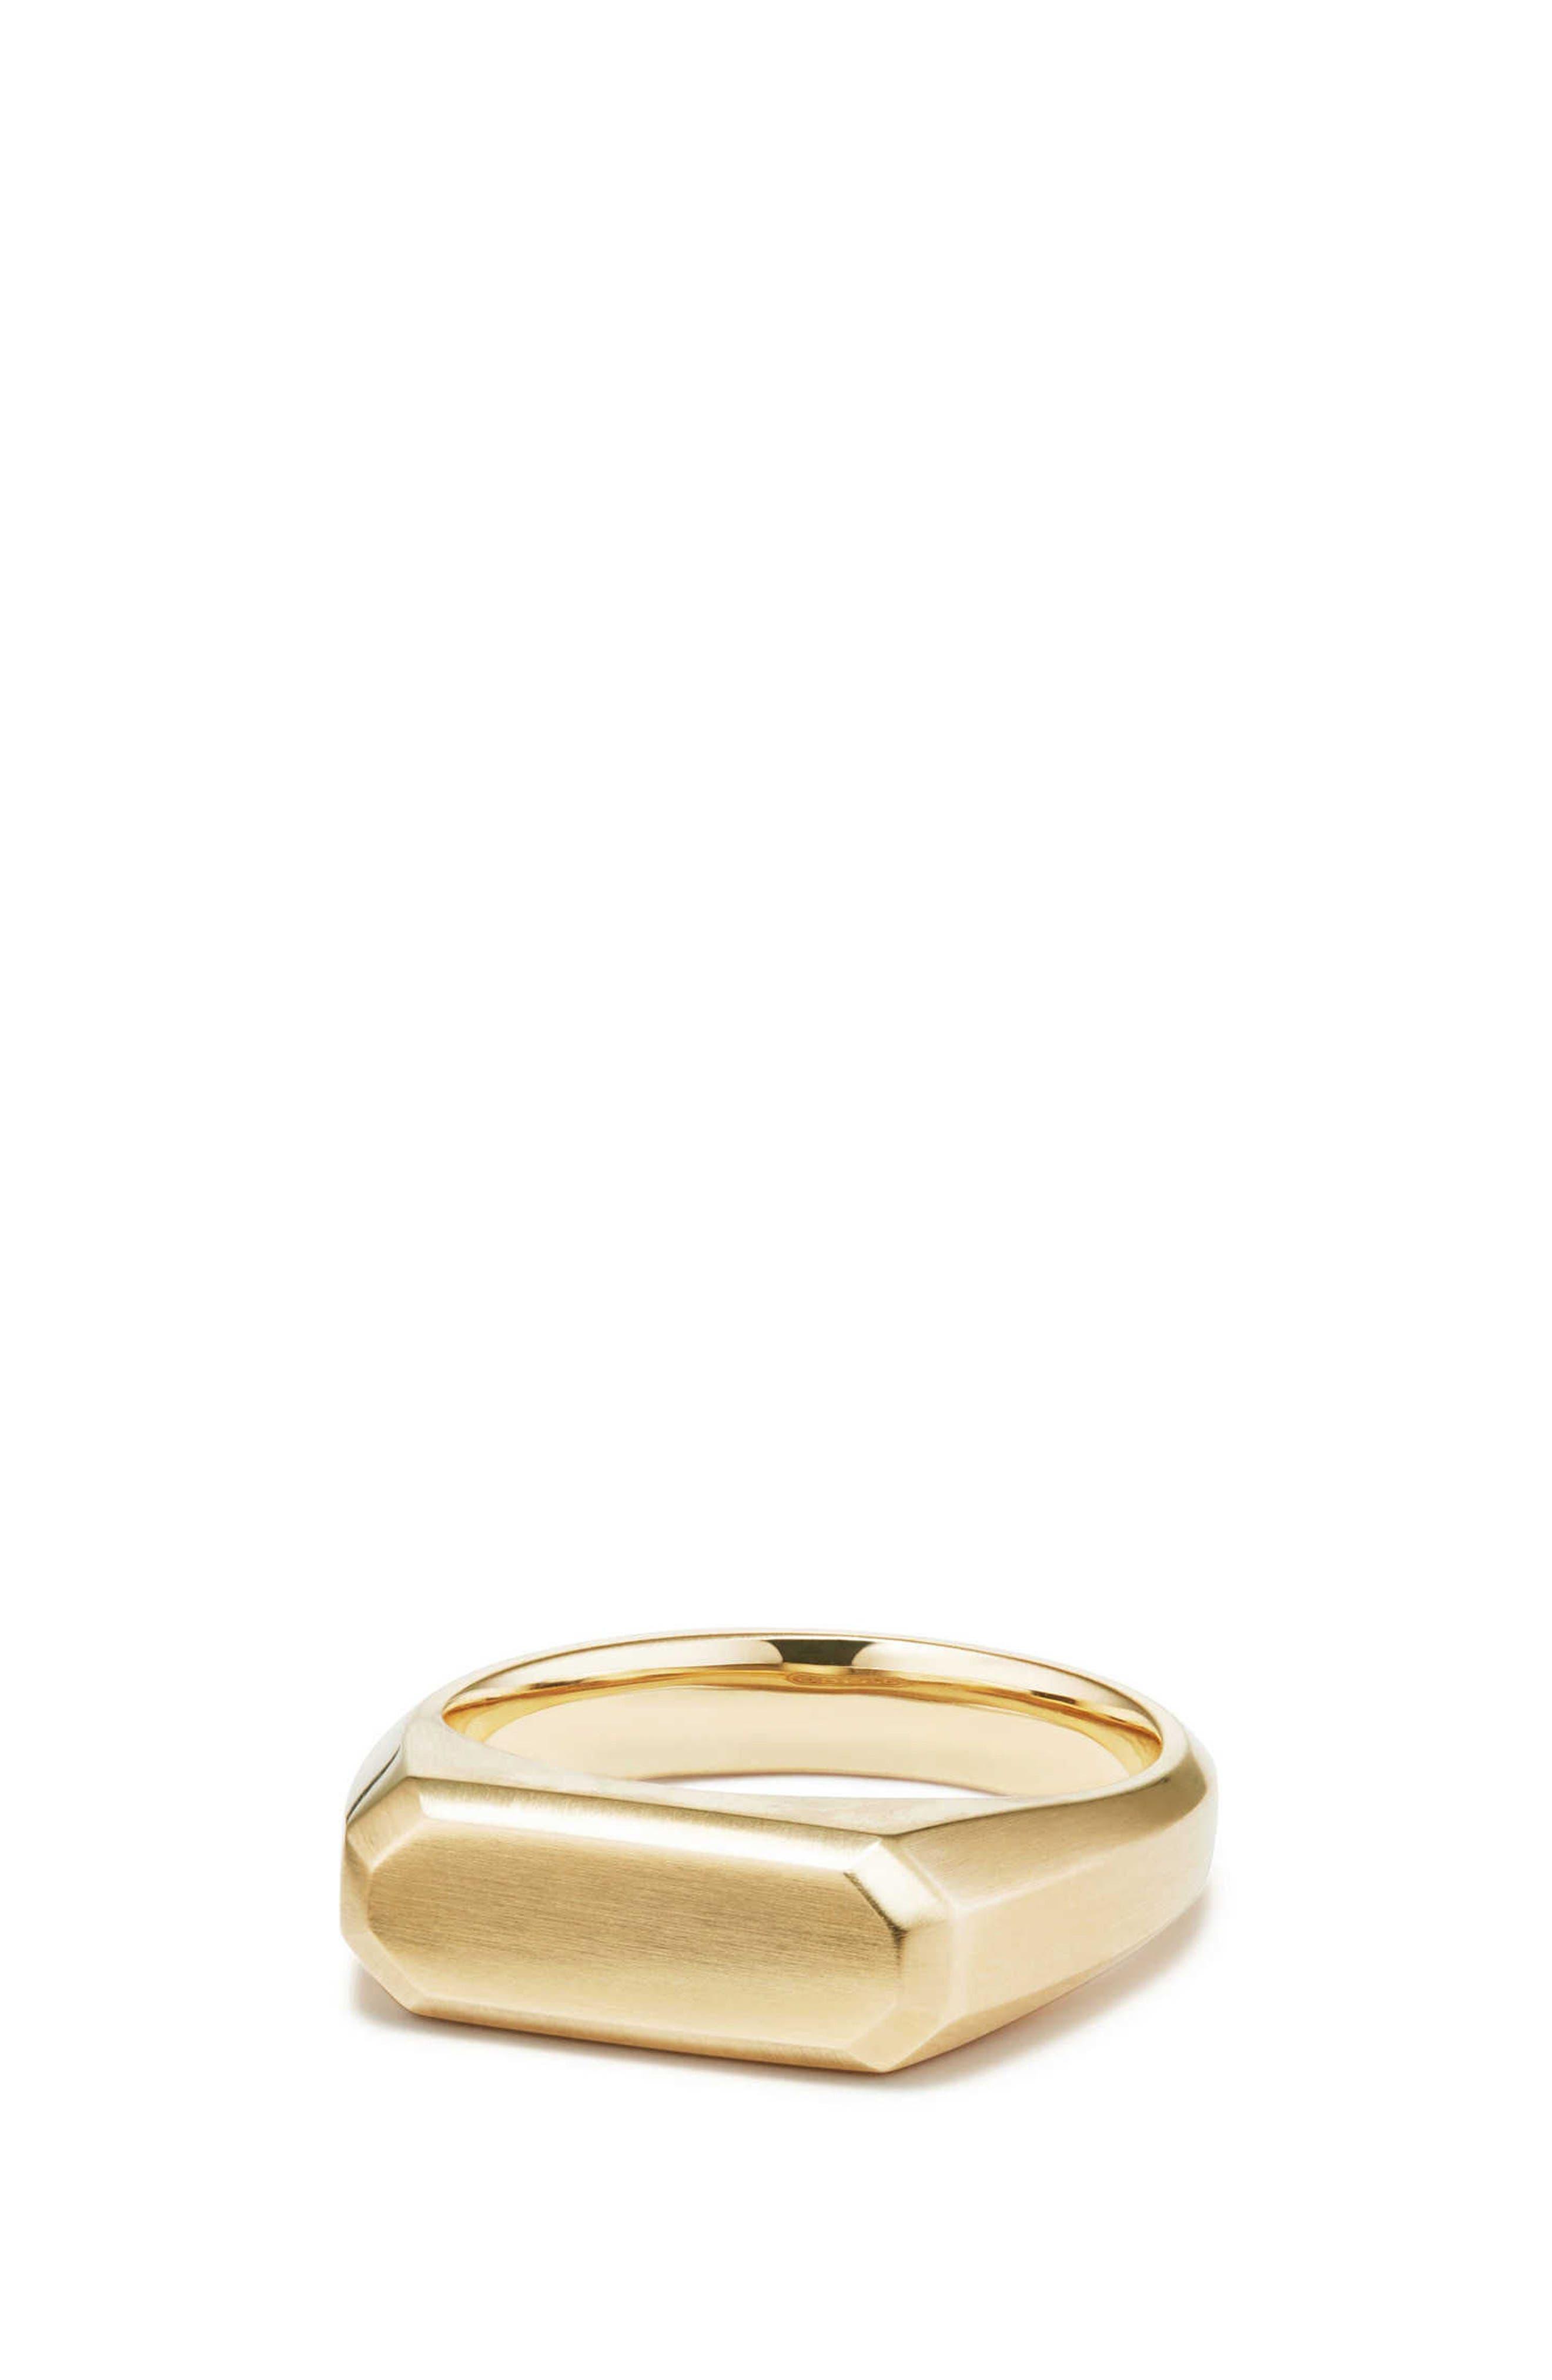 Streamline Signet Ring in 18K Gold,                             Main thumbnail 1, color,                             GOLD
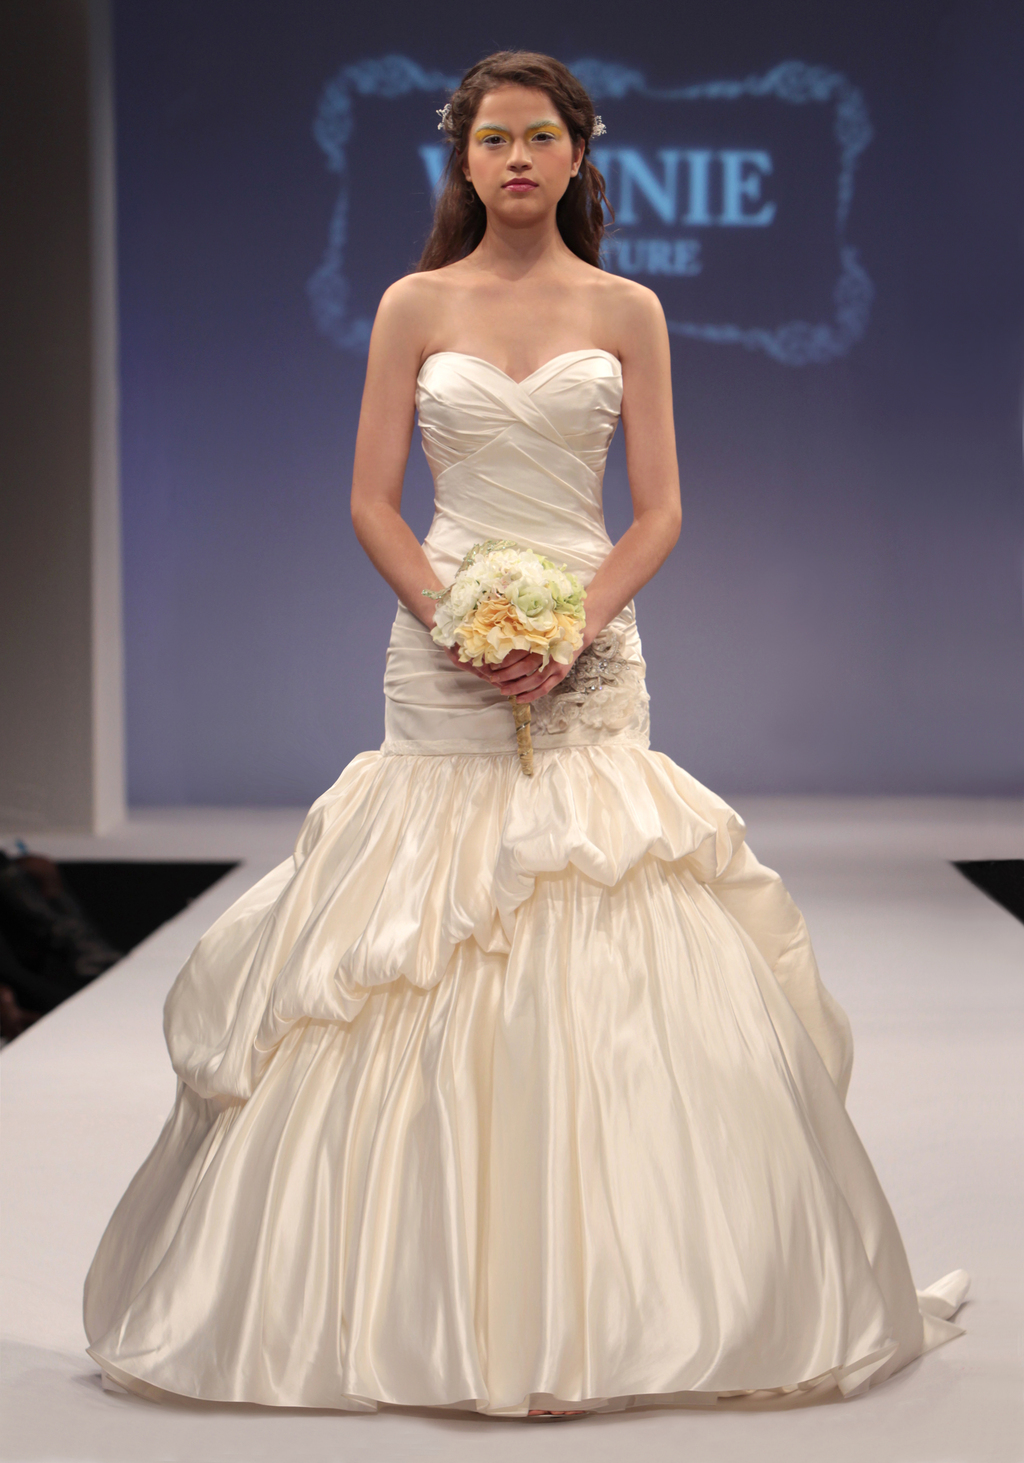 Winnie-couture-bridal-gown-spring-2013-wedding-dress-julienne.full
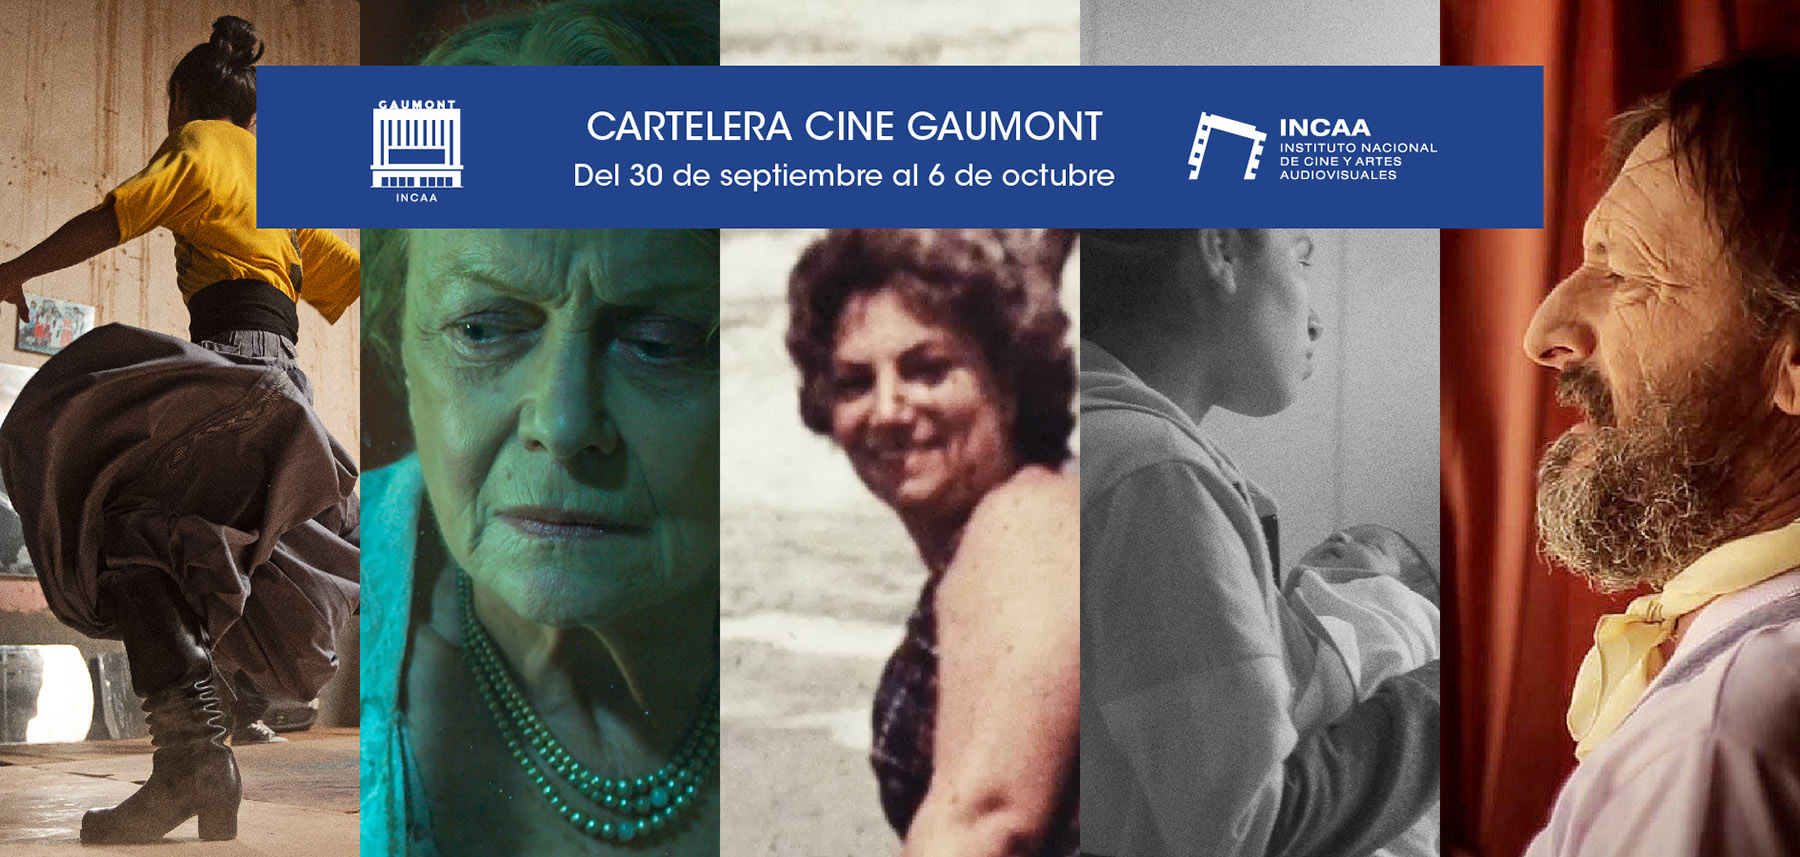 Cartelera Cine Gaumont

> [Exercise instructions]: Please keep every line of the data the same when you reproduce it, and keep every picture out.

> [Result of the exercise]:
 Streamline Signet Ring in 18K Gold,                             Main thumbnail 1, color,                             GOLD
 Winnie-couture-bridal-gown-spring-2013-wedding-dress-julienne.full
 Cartelera Cine Gaumont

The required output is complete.